MARKET COMMENT
January 16, 2007

You wouldn’t want to be manning the phones at Claymore
Securities today since their new Macro Oil ETFs are
wildly out of phase with their intended function.
DCR [Claymore Macro Down
Oil ETF] hasn’t given investors the benefit of the risk assumed and the reward
realized.
Investors in DCR per Claymore’s
press release: “…give investors an excellent opportunity to capitalize on oil’s
upward or downward movement.”
That’s the
intention anyway.
Today crude oil prices
were down nearly 3%, but DCR was up 2%.
Say again?
That’s right.
And to make matters even more bizarre UCR was
also down over 2%.
What’s the problem?
According to executives at Claymore when queried about the
tracking errors on Friday they were pretty ticked off themselves pointing the
finger at specialist firm Bear Wagner [think Bear Stearns] for poor market
making.
[It wouldn’t be the first time
specialists have been accused of ripping off their customers.]
And, no, I don’t want to hear about crude oil
contracts being in “contango” or some such other
nonsense.
Claymore realizes it’s more
than just a problem and an embarrassment, it’s downright misleading.
They’re tying to add more AP’s [Authorized
Participants] for the stock.
But, I
guess they weren’t there today that’s for sure.
Therefore with some new ETFs
it’s better to stand back and watch their performance for awhile.

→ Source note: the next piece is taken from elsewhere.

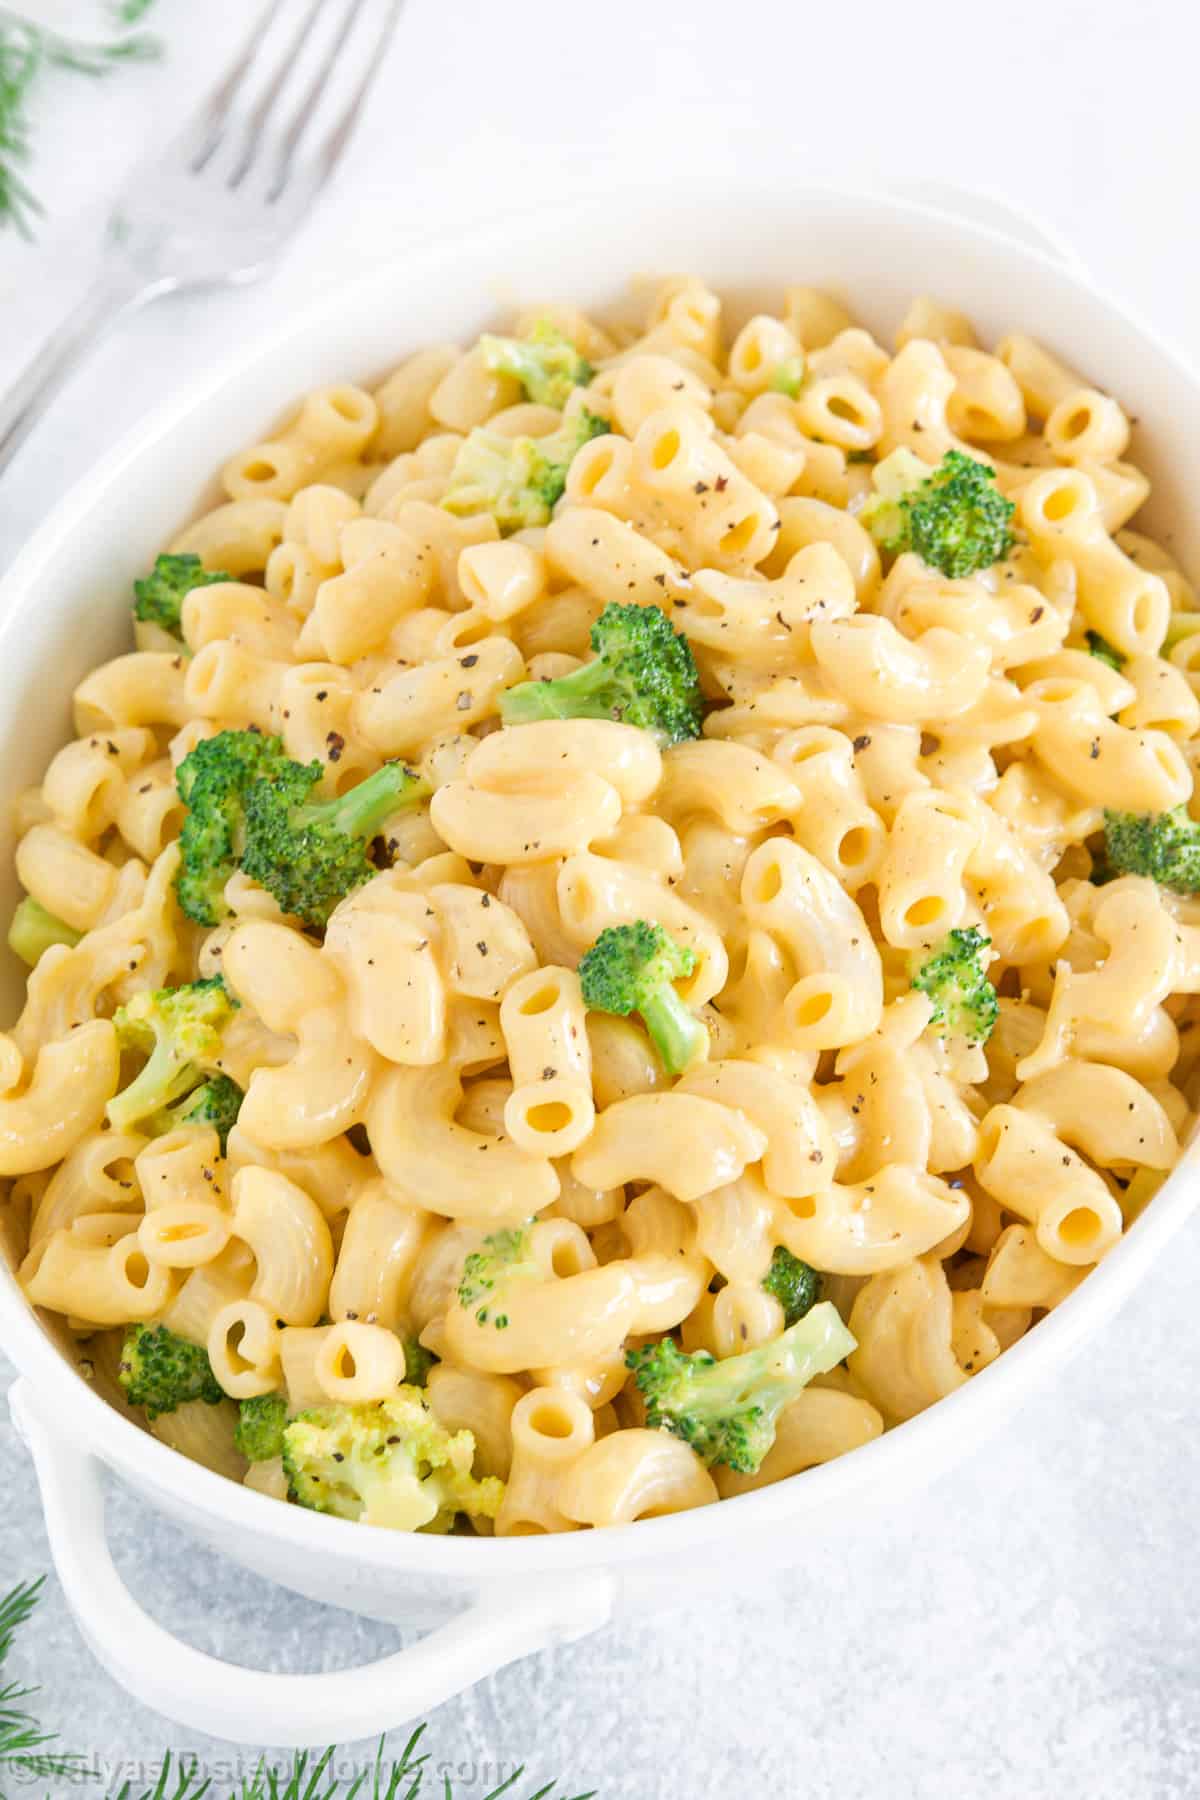 Broccoli Mac and Cheese is a delicious, comforting, and nutritious twist on a classic favorite.

The big news story today beyond the continuing fall in
commodity prices was the poor manufacturing data from the New York region.
Also Symantec [down 12%] and Cisco’s [down
3%] downgrades didn’t help tech.
Frankly, it’s amazing that tech did as well as it did.
Unfortunately, after the bell Intel’s
earnings were a penny shy although their revenues were on the high side and
company outlook was positive.
Nevertheless, in the after hours, the stock is down 2.5%.






From all news and statistical data fresh money is enamored
by overseas markets.
That still seems the
case.










Judging by the reaction to Intel’s earnings this evening,
tech could have some problems tomorrow.
But things can change quickly.
There’s a lot going to happen this week from inflation data
to options expiration.
Stay flexible and
be patient above all.
Have a pleasant evening.
Disclaimer:
Among
other issues the ETF Digest maintains positions in: QQQQ, KCE, FDN, IGN, EEM,
IEV, FXI, INP, EWJ, EWM and EWW.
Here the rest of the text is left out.